(Your objective): All lines below are to be transcribed exactly.

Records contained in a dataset

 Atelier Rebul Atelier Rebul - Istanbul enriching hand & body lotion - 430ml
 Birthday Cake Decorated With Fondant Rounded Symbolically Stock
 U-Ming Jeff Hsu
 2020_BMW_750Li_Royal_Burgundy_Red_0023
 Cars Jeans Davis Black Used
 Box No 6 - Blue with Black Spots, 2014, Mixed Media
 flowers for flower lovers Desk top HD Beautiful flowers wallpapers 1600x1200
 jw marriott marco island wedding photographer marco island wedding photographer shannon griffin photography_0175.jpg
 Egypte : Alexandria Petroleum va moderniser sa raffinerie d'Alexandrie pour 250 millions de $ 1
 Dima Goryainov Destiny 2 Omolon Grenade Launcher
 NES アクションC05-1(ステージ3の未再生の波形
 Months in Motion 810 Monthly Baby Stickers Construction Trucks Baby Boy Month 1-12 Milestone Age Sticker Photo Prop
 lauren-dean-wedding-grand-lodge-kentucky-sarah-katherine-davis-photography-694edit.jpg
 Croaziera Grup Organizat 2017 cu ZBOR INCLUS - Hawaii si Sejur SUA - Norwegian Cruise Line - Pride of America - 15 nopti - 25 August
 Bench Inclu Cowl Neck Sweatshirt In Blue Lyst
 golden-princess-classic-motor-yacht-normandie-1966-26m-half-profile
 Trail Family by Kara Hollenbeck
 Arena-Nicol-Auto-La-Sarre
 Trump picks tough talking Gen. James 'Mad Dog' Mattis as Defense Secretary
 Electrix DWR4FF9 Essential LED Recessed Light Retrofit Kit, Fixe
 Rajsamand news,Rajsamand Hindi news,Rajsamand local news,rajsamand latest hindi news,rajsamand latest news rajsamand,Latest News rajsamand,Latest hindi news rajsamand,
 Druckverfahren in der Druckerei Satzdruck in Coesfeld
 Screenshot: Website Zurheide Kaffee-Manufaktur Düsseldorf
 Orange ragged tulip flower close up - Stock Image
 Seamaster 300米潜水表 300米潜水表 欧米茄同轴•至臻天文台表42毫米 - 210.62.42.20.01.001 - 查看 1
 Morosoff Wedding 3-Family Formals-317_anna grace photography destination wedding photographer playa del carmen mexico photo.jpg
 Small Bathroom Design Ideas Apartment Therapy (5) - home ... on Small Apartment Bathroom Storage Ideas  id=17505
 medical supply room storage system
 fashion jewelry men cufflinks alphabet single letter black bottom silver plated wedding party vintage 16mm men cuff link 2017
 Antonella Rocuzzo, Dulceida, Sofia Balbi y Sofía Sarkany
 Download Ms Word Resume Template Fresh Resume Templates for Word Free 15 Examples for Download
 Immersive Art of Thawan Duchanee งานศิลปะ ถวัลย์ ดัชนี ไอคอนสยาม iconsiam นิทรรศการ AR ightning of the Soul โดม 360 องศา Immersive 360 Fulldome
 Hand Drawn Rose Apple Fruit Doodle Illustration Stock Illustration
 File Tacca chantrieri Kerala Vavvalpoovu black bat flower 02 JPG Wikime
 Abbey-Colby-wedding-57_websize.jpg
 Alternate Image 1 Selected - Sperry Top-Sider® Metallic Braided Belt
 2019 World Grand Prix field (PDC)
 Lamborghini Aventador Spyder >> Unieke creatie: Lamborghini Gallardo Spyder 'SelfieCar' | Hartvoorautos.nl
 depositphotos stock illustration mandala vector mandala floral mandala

(Reply to the exercise):
 Atelier Rebul Atelier Rebul - Istanbul enriching hand & body lotion - 430ml
 Birthday Cake Decorated With Fondant Rounded Symbolically Stock
 U-Ming Jeff Hsu
 2020_BMW_750Li_Royal_Burgundy_Red_0023
 Cars Jeans Davis Black Used
 Box No 6 - Blue with Black Spots, 2014, Mixed Media
 flowers for flower lovers Desk top HD Beautiful flowers wallpapers 1600x1200
 jw marriott marco island wedding photographer marco island wedding photographer shannon griffin photography_0175.jpg
 Egypte : Alexandria Petroleum va moderniser sa raffinerie d'Alexandrie pour 250 millions de $ 1
 Dima Goryainov Destiny 2 Omolon Grenade Launcher
 NES アクションC05-1(ステージ3の未再生の波形
 Months in Motion 810 Monthly Baby Stickers Construction Trucks Baby Boy Month 1-12 Milestone Age Sticker Photo Prop
 lauren-dean-wedding-grand-lodge-kentucky-sarah-katherine-davis-photography-694edit.jpg
 Croaziera Grup Organizat 2017 cu ZBOR INCLUS - Hawaii si Sejur SUA - Norwegian Cruise Line - Pride of America - 15 nopti - 25 August
 Bench Inclu Cowl Neck Sweatshirt In Blue Lyst
 golden-princess-classic-motor-yacht-normandie-1966-26m-half-profile
 Trail Family by Kara Hollenbeck
 Arena-Nicol-Auto-La-Sarre
 Trump picks tough talking Gen. James 'Mad Dog' Mattis as Defense Secretary
 Electrix DWR4FF9 Essential LED Recessed Light Retrofit Kit, Fixe
 Rajsamand news,Rajsamand Hindi news,Rajsamand local news,rajsamand latest hindi news,rajsamand latest news rajsamand,Latest News rajsamand,Latest hindi news rajsamand,
 Druckverfahren in der Druckerei Satzdruck in Coesfeld
 Screenshot: Website Zurheide Kaffee-Manufaktur Düsseldorf
 Orange ragged tulip flower close up - Stock Image
 Seamaster 300米潜水表 300米潜水表 欧米茄同轴•至臻天文台表42毫米 - 210.62.42.20.01.001 - 查看 1
 Morosoff Wedding 3-Family Formals-317_anna grace photography destination wedding photographer playa del carmen mexico photo.jpg
 Small Bathroom Design Ideas Apartment Therapy (5) - home ... on Small Apartment Bathroom Storage Ideas  id=17505
 medical supply room storage system
 fashion jewelry men cufflinks alphabet single letter black bottom silver plated wedding party vintage 16mm men cuff link 2017
 Antonella Rocuzzo, Dulceida, Sofia Balbi y Sofía Sarkany
 Download Ms Word Resume Template Fresh Resume Templates for Word Free 15 Examples for Download
 Immersive Art of Thawan Duchanee งานศิลปะ ถวัลย์ ดัชนี ไอคอนสยาม iconsiam นิทรรศการ AR ightning of the Soul โดม 360 องศา Immersive 360 Fulldome
 Hand Drawn Rose Apple Fruit Doodle Illustration Stock Illustration
 File Tacca chantrieri Kerala Vavvalpoovu black bat flower 02 JPG Wikime
 Abbey-Colby-wedding-57_websize.jpg
 Alternate Image 1 Selected - Sperry Top-Sider® Metallic Braided Belt
 2019 World Grand Prix field (PDC)
 Lamborghini Aventador Spyder >> Unieke creatie: Lamborghini Gallardo Spyder 'SelfieCar' | Hartvoorautos.nl
 depositphotos stock illustration mandala vector mandala floral mandala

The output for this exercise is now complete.